For Argyll is no apologist for bankers but there is something profoundly distasteful about the nationwide baying over the Goodwin pension. The distaste is not just for the mass bullying. It is for the lack of independent thought and for the inadequate pubished scrutiny of Government behaviour.

The Herald, on its front page piece, quotes Prime Minister Gordon Brown in Oxford yesterday, expressing ‘anger’ at Sir Fred’s pension and saying that it is ‘ “unjustifiable and unacceptable” given Sir Fred had led the bank to the brink of collapse and to a record £24bn annual loss’.

Yet the paper did not attempt to set Brown’s comments in context. These remarks were, after all, made by the man who has led the entire country to the brink of collapse and to a record and unimaginable volume of national debt – £2 trillion and rising. Sir Fred’s £693 thousand pension is peanuts and it never was the issue.
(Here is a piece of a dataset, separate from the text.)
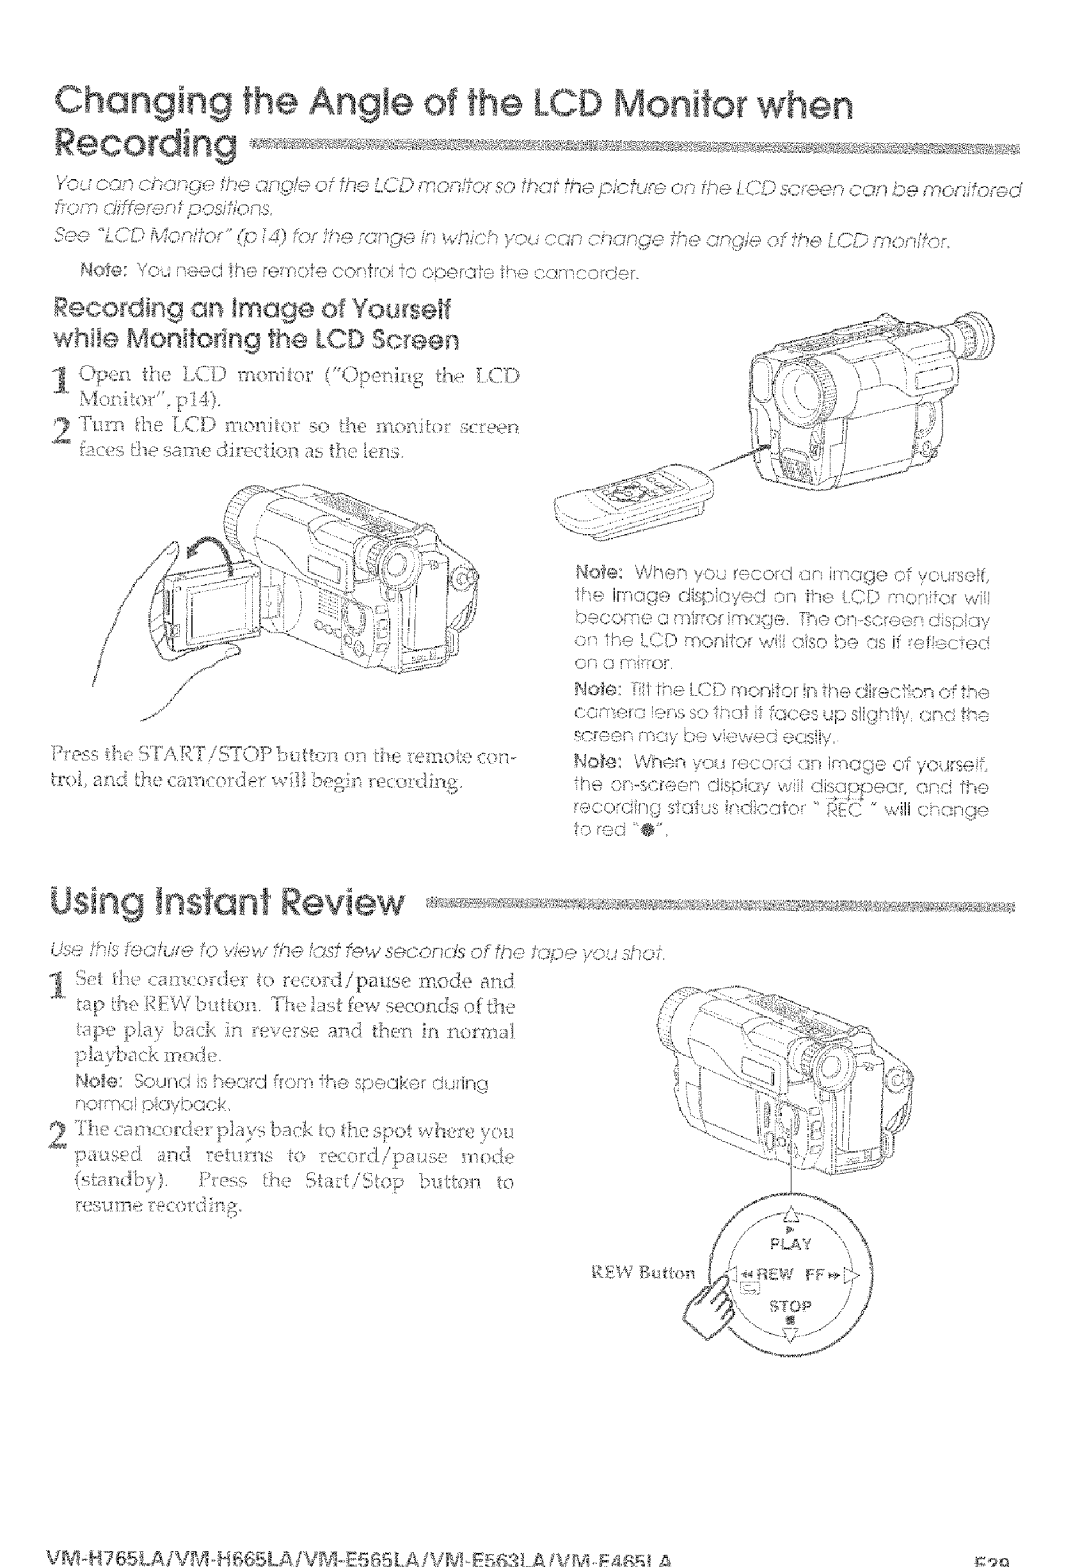 Hitachi VM-E565LA, VM-E465LA manual Using Instant Review, Ess q,/d,iL,TOPm.to i eno e

The newspaper industry is in deep trouble – in America, where Seattle, Denver and Tucson are about to lose major titles – and in the UK. It is in trouble because it has failed to renew itself and to translate itself to operate in today’s media environment. Here we have a rightly respected Scottish newspaper letting itself down badly – demonstrating that it has not even rethought the outdated journalistic ruts of yesterday.